If you're a librarian or someone with excellent research skills, then How to Start a Home-Based Bakery Business is not for you because in a matter of minutes you'll discover the information you seek. But if you're like ninety per cent of wannabe bakers and don't know where to begin your research into the ins and outs of a home-based bakery business, this is the book for you. If readers can get past the red-tape aspects of working out of their home and complying with rigorous guidelines, then they'll be well on their way to success after absorbing wisdom shared in this book.
Detra Denay Davis shares her twenty-five year's of experience in this practical guide to getting your rolling pin in the door in the home bakery business. She lives in Atlanta now, but specifically cites North Carolina laws since she operated in that state for most of her career. Most of the business basics like writing a business plan, financing, and marketing, are easily found in any guide to small businesses. But Davis shares information specific to bakers such as cakeboss and how to locate kitchen incubators.

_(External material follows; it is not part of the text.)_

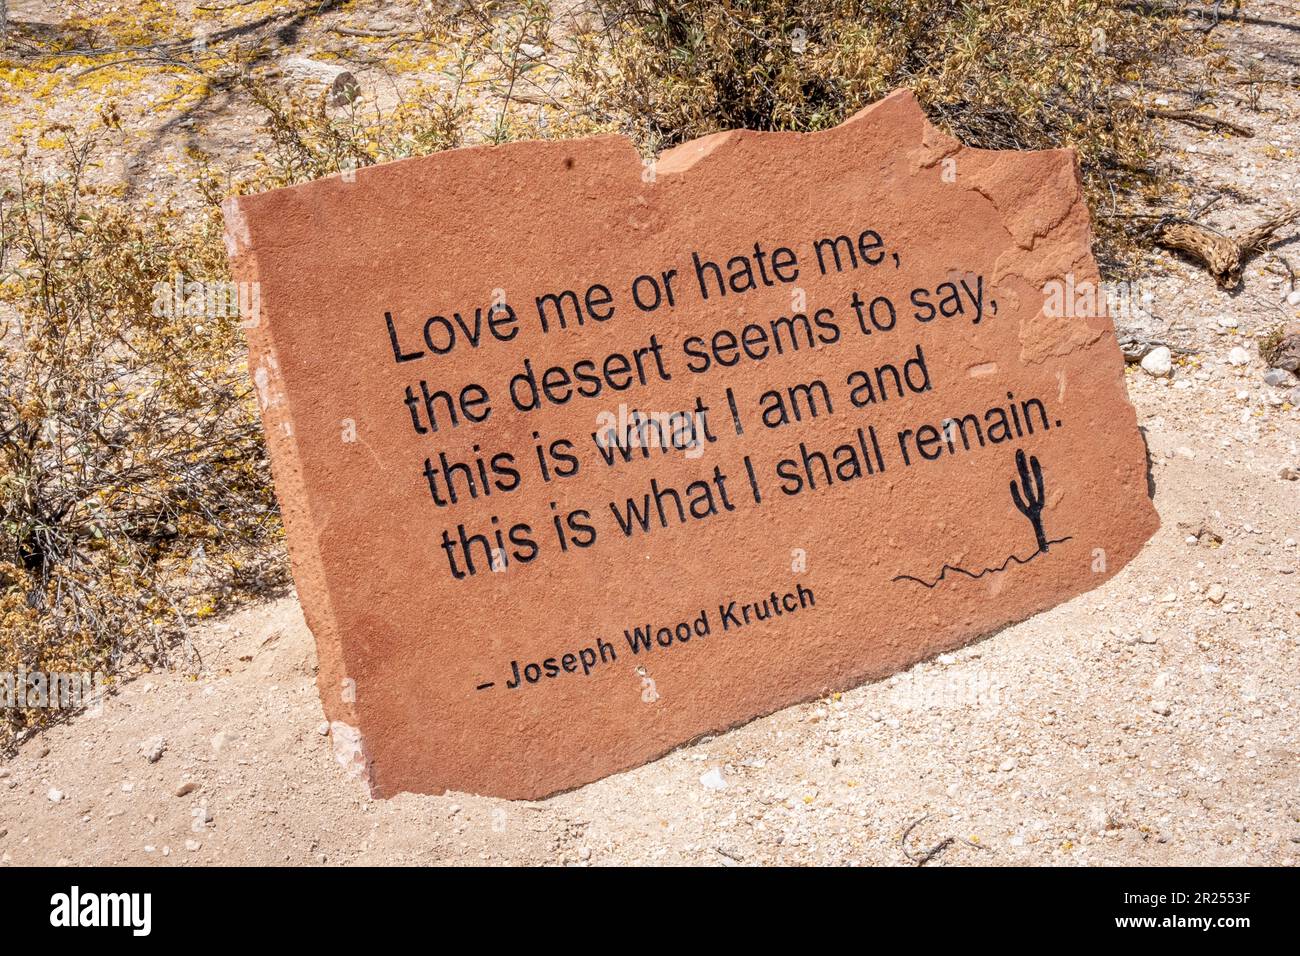 Citazione di Joseph Wood Krutch sul deserto, 'mi ama o odio, il deserto sembra dire, questo è ciò che sono e questo ciò che resterò.' Foto Stock

Because, let's face it, after reading this book, would-be bakers may decide they don't want to start a home-based bakery in their home, but may want to rent time/space in a commercial kitchen. It's not like everybody wants "the man" traipsing through their home, inspecting the bathrooms, etc. And then there's product labeling to consider.
Davis talks generalities about setting your prices. She poo poohes the practice of charging two or three times the cost of ingredients, which seems to be the standard advice given to newbie home-based bakers. She touches on social networking as an aspect of your business as well as offering information about establishing an online presence allowing customers to order products securely. She mentions, several times, how some bakers operate "under the table" in that they aren't cleared to bake and sell potentially hazardous items like cheesecake. She thinks they'll get caught someday and advises operating your bakery business above-board, by the book. Further, she writes about recipe development and marketing your products to a niche, such as sugar-free, gluten-free, etc.
The first place to start, after finishing How to Start a Home-Based Bakery Business, is to check with your local SBA. They are familiar with foods start-ups in your area and can save time. Cottage laws vary from state to state, as do the particular departments, whether it be Agriculture or the Health Department that your business operates under. Davis points out that often these agencies are unaware of restrictions and guidelines of each other and can give would-be bakers conflicting advice. Check out your SBA office first.
After reading How to Start a Home-Based Bakery Business I'm not sure I'm up for all the problems described with having a home-based bakery in my kitchen. Keeping ingredients, utensils, appliances, etc. separate sounds like a hassle, especially for those with small kitchens and storage space. I'd be more likely to go whole-hawg with a bricks-and-mortar bakery, or rent time/space in a commercial kitchen. Too, I have dogs, and Davis was pretty explicit in saying that, for the most part, home-based bakeries must be animal-free.
Good luck to you in your home-based bakery business. Reading the materials covered within How to Start a Home-Based Bakery Business will undoubtedly convince you one way or another whether this endeavor is worth attempting. This is an excellent resource. The only improvement I'd make would be to include more interviews with home-based bakers. There was one. Showing multiple paths to success is the best model to follow and would have strengthened the book.